In the third stanza, the pilgrim prays for the king who wards off enemies. The king proves himself a shield who protects from those who might harm the pilgrims. The Lord has anointed this leader.
We pray for our leaders, and we call God to bless our soldiers who stand like a shield in harm’s way to ward off blows. Recently, the enemy in Afghanistan shot down a helicopter carrying thirty troops; these all perished in the crash. You and I ought to pray for these warriors. Quite distinctly, our psalm in this third verse calls upon God to aid those who defend us.

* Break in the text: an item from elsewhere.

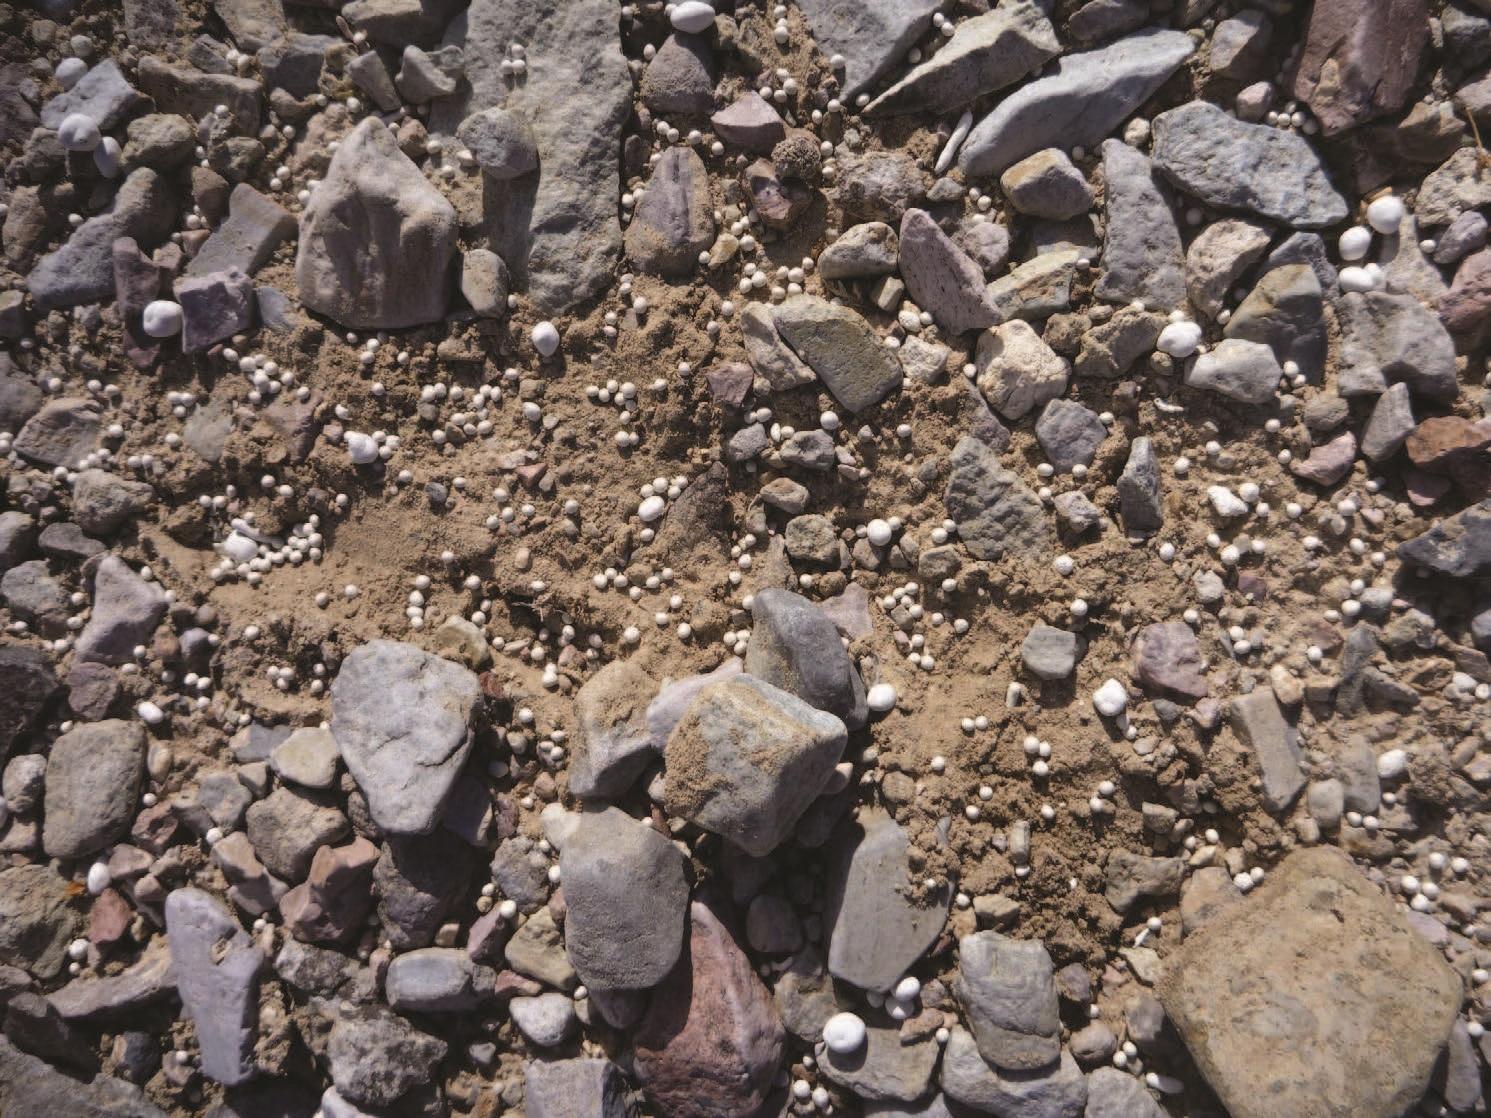 Small bits of pelletized steel amidst desert rocks and dirt.

I find in our psalm’s fourth stanza, the title of a book that tells the story of several Jesuits who served the Lord, not as priests, but as religious brothers. Better a Day, a 1951 book by John Leary, S.J., offers the biographies of vowed men such as Saint Nicholas Owen, a carpenter who cleverly fashioned hiding places for priests during the seventeenth century persecution in Elizabeth’s England. The book title suggests that by their consecration, these religious lived in the house of the Lord.
Even if our pilgrim comes to the Jerusalem temple only briefly, still he relishes his day in the courts near God, and he finds his short stay there far preferable to many years dwelling with evil doers.
Our pilgrim likens God to the sun, from which corn and trees receive health and growth, from which the beasts receive blood and breath, and we humans receive warmth, light and life; so indirectly as if from the sun, yet from God we directly draw grace and human honor.
The Lord withholds no good thing
from those who walk without reproach.
O Lord of hosts, happy are those who trust in You!
You and I recognize our sustainer and protector, the giver to us of good things, the one with whom we long to dwell. This God relates to individuals, and we directly address “my King and my God.” AMEN!